It’s well-known that null-terminated C strings are bug-prone and unsafe to use. They’re the stereotypical footgun. I’ve been tinkering in a bare-metal environment recently, writing all code myself, including the common types and routines you find in libc
or similar. In all the code I wrote, there is not at single null-terminated string, and I have yet to encounter a bug related to bounds checking on strings or buffers. This is a quick rundown of what I’m doing and how it holds up.
This is what the string type looks like. I came across this idea in a post by Chris Wellons.
struct str {
char *dat;
sz len;
};
struct str_buf {
char *dat;
sz len;
sz cap;
};
#define STR(s) \
(struct str) \
{ \
.dat = (s), .len = lengthof(s) \
}
I use the following functions to create strings and string buffers. You can imagine how functions implementing common string operations would look like. The post I linked also has some suggestions.
struct str_buf str_buf_new(char *dat, sz len, sz cap);
struct str str_from_buf(struct str_buf buf);
struct str str_from_range(char *beg, char *end);
struct str str_new(char *dat, sz len);
Note that you can turn a string buffer into a string, but not the other way around. String buffers are meant to be read from and written to, while strings are only meant to be read from. So it makes sense to have strings be a “subtype” of string buffers (this can also be seen in the definition of the types; struct str_buf
includes all fields from struct str
). It seems reasonable to make the pointer in struct str
const
, given what I just said. I’ll come back to that later.
Readability
You might complain that writing STR(...)
everywhere is not as nice as using a plain string literal. But I found it’s not an issue in practice, and you get used to it quickly. The only place I really use the STR
macro is when calling print functions. Here’s what it looks like:
print_str(STR("blah\n"));
print_fmt(STR("0x%lx\n"), 0xdeadbeef);
Consider using S
or similar if you really want to save characters here. But this is C, so we accept being a little verbose and move on.
Correctness and safety
I did not encounter a single bounds-checking-related bug since adopting this pattern six months ago. This is the main point: using this string type makes my code safer.

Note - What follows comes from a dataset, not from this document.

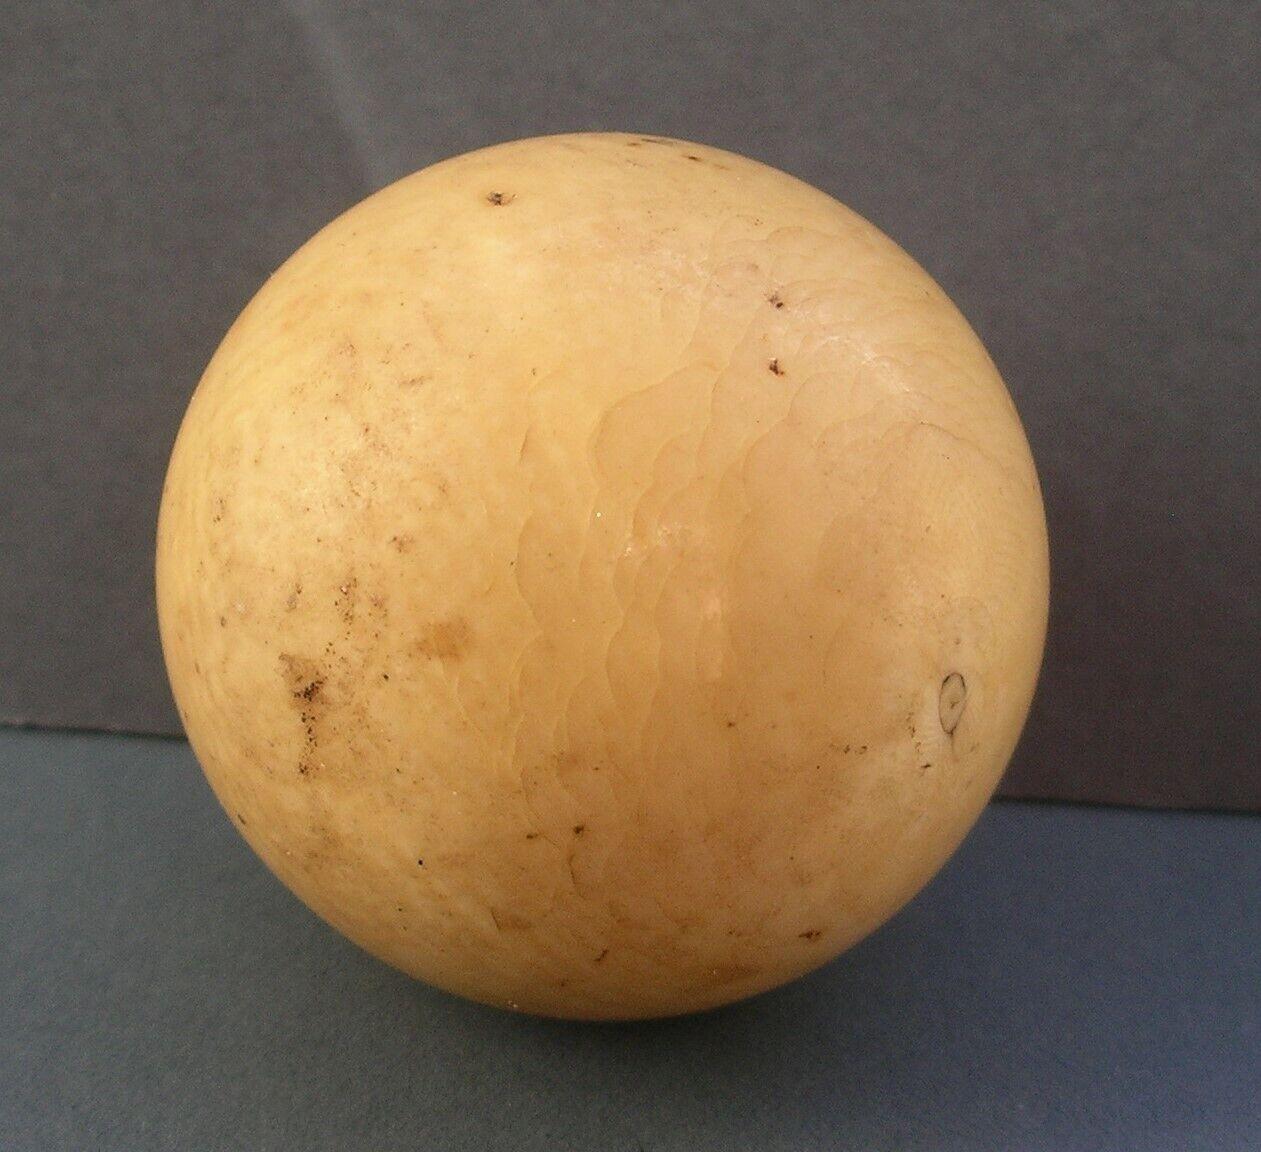 19th Century Original Antique Snooker Ball Weighs 4.7 oz 2 inches Diameter

I make extensive use of wrapper functions to do simple things such as creating or casting strings. Or, for example, to allocate a new string buffer from an arena:
// The buffers I use for formatting are string buffers, hence the name.
struct str_buf fmt_buf_new(struct arena *arn, sz cap)
{
struct str_buf buf;
buf.dat = arena_alloc_array(arn, cap, sizeof(*buf.dat));
buf.len = 0;
buf.cap = cap;
return buf;
}
At no point do you have to touch the fields inside these types, making sure their invariants are kept intact. You can be pretty sure that you won’t footgun yourself if you only combine these functions. Of course, you could always touch the fields inside any of the structures, but why would you if you have functions to do everything for you. This improves safety, as you only need to figure out the correct routine to, say, allocate a sting buffer once. Later, you can be instantly suspicious of any code touching the fields inside these types.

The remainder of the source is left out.